* **PROBLEM**: Drop the pictures and extract exactly the lines from the one that contains "Ristorante Eggland al" through the end of the material.

* **DATASET CONTENT**:
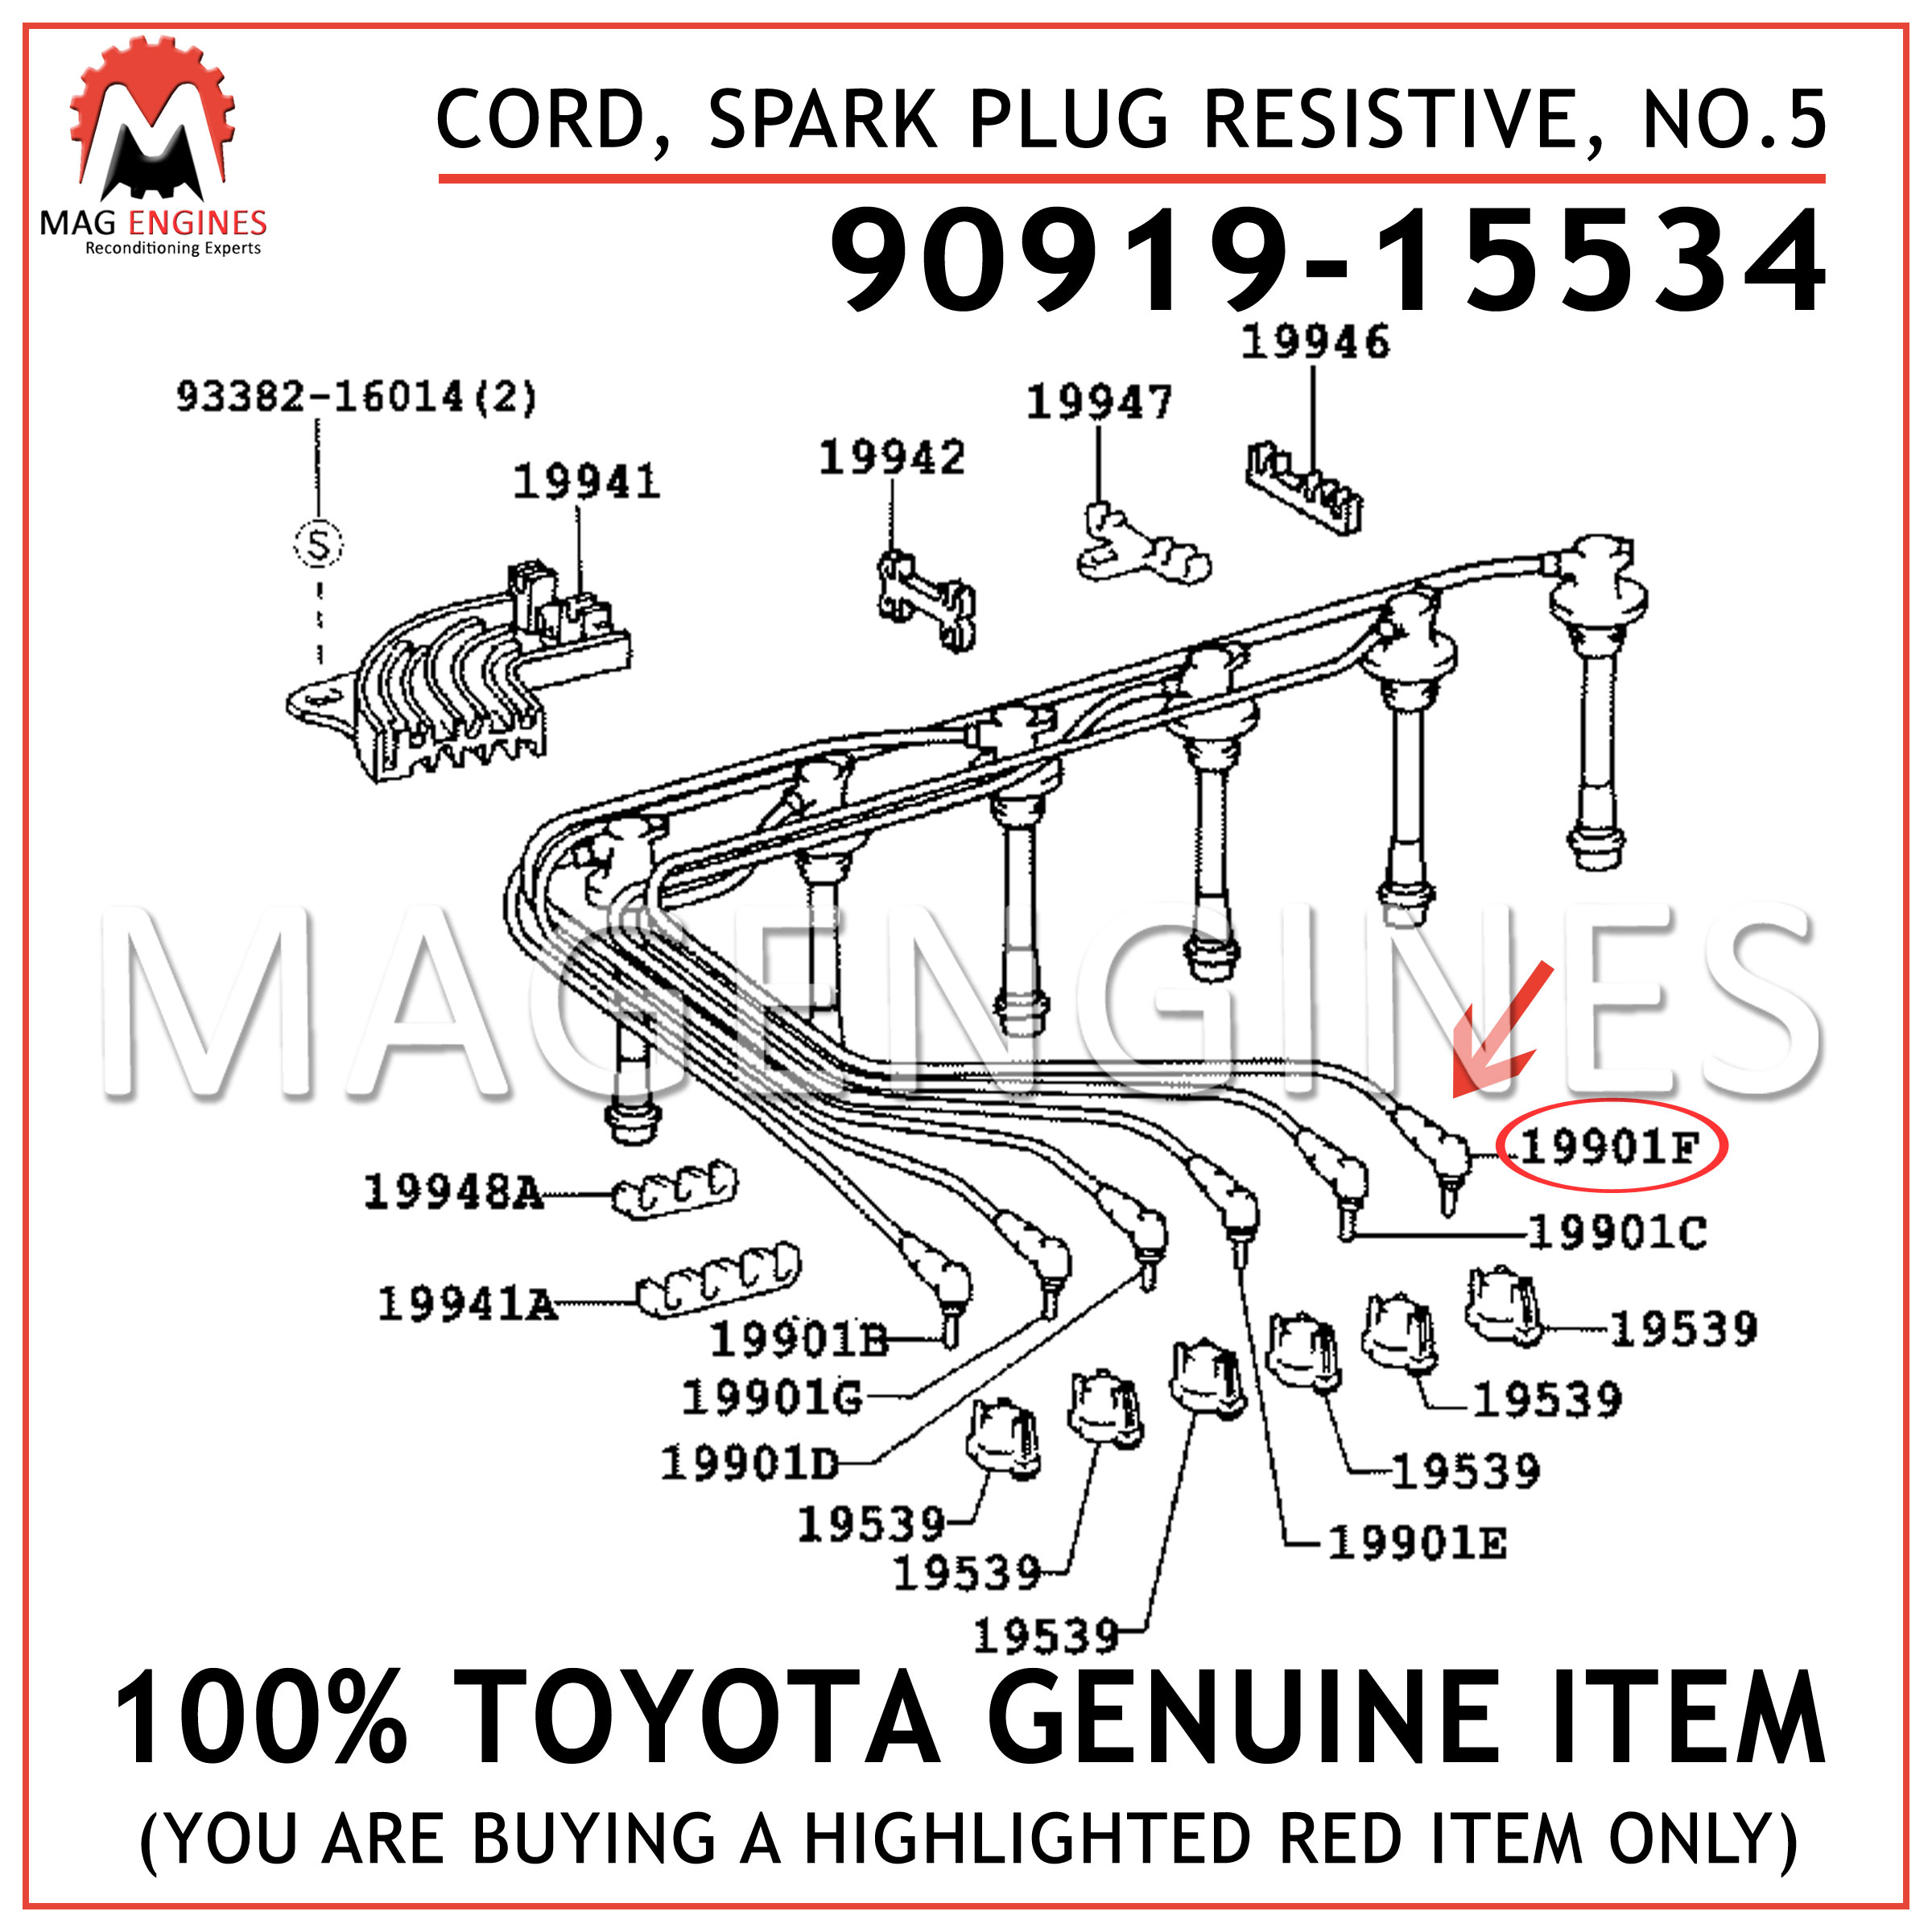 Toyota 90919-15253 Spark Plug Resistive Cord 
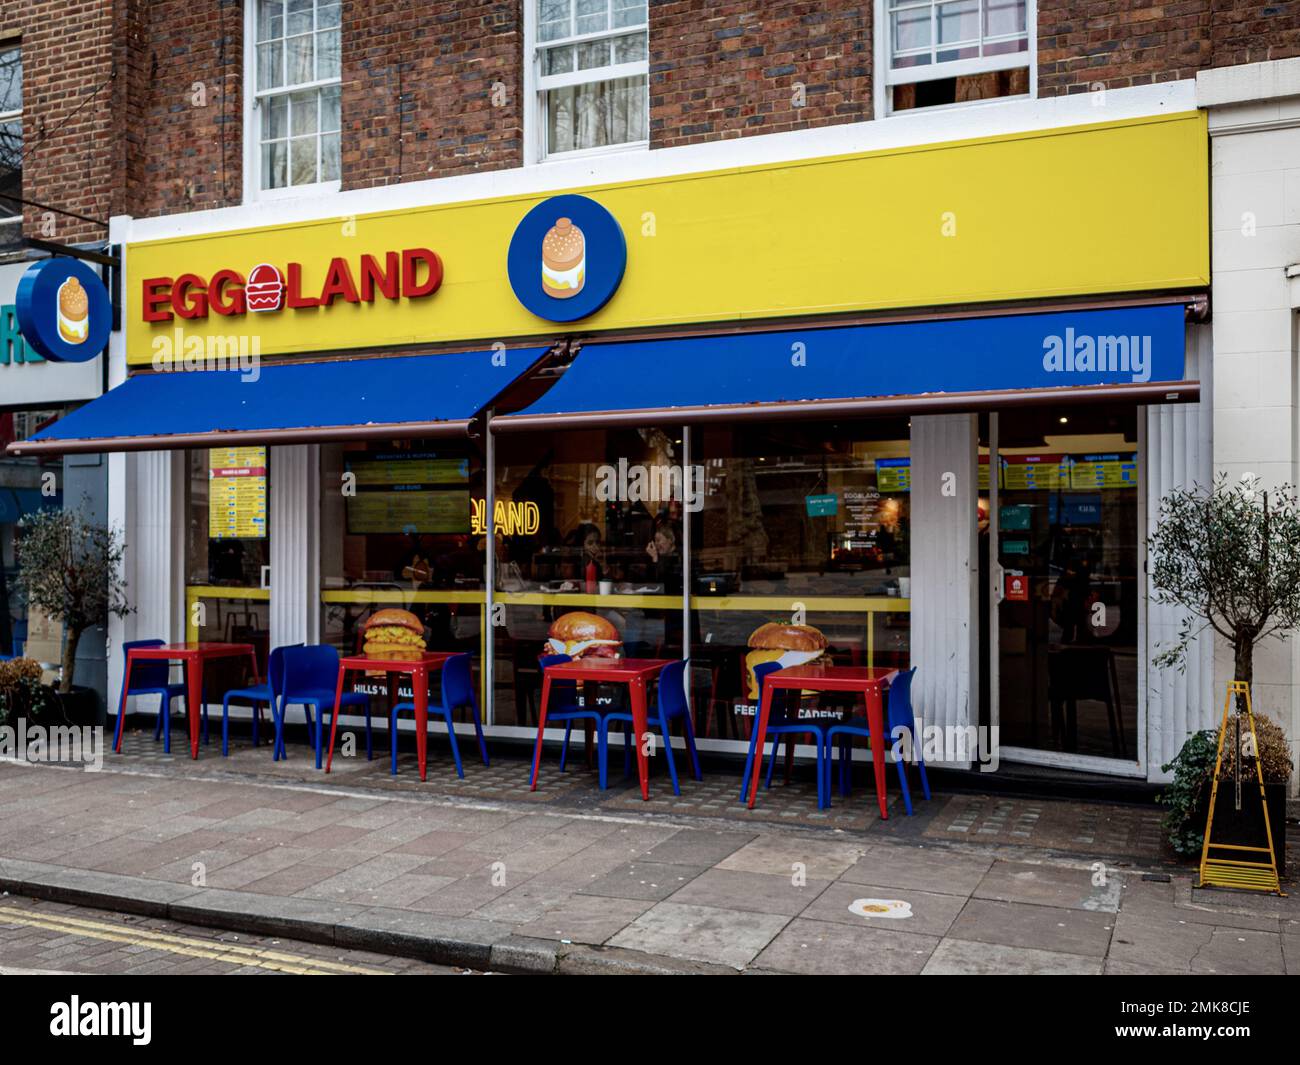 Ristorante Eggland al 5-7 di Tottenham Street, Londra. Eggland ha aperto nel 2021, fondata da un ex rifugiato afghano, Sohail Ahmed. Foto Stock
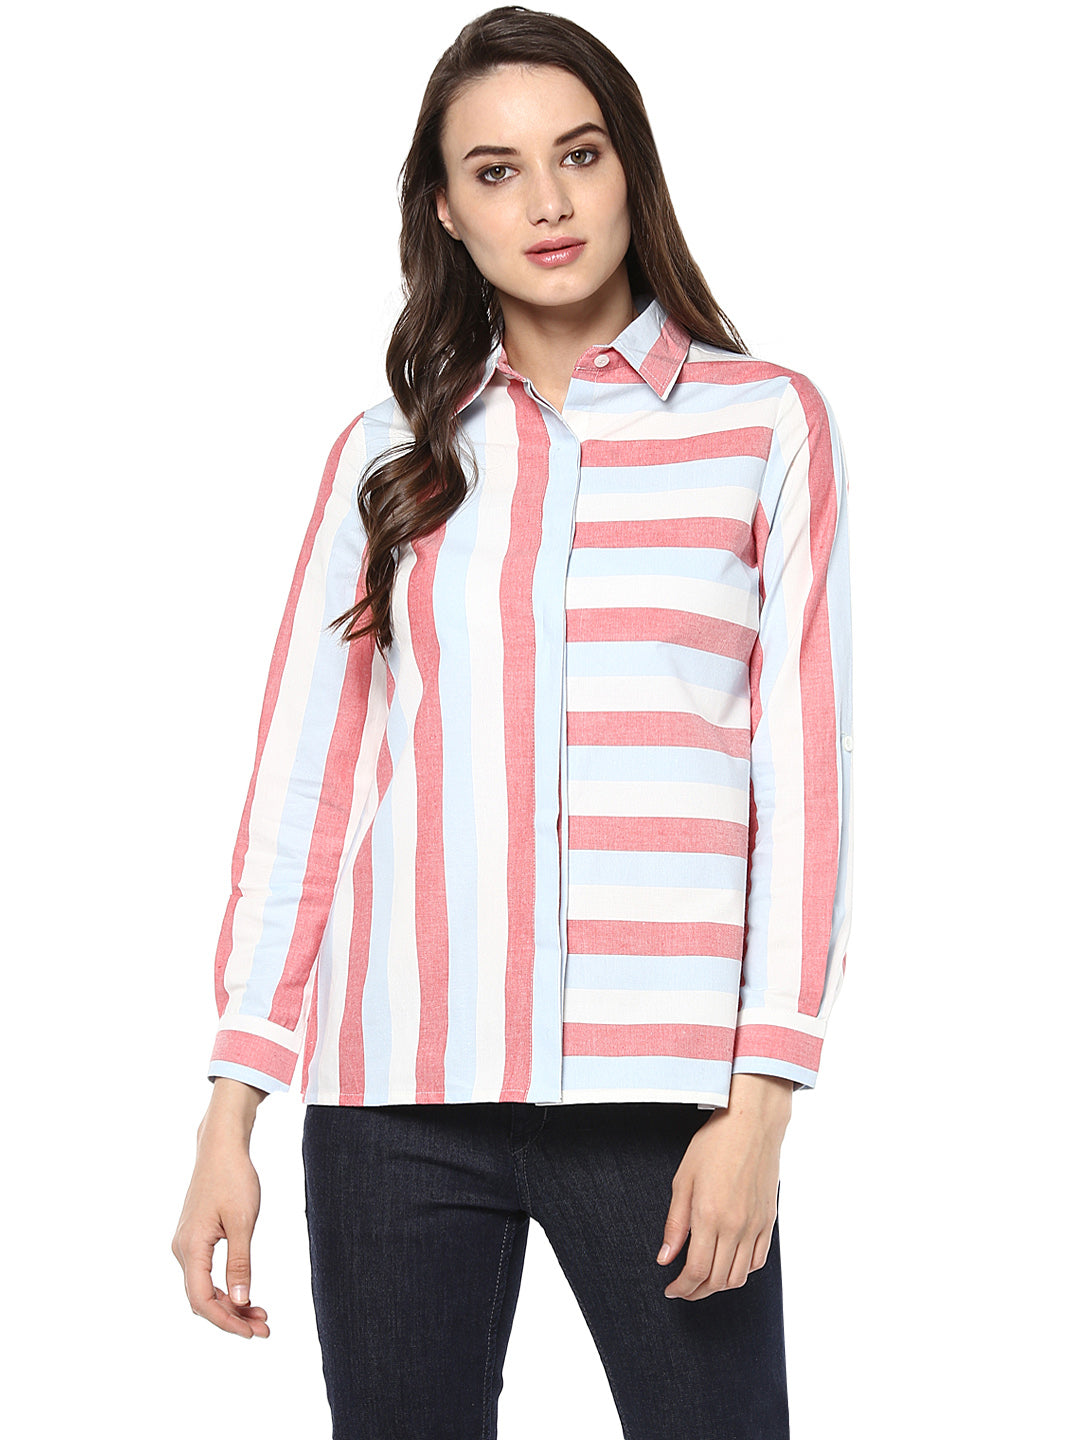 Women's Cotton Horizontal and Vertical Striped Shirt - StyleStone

* **YOUR RESPONSE**:
 Ristorante Eggland al 5-7 di Tottenham Street, Londra. Eggland ha aperto nel 2021, fondata da un ex rifugiato afghano, Sohail Ahmed. Foto Stock
 Women's Cotton Horizontal and Vertical Striped Shirt - StyleStone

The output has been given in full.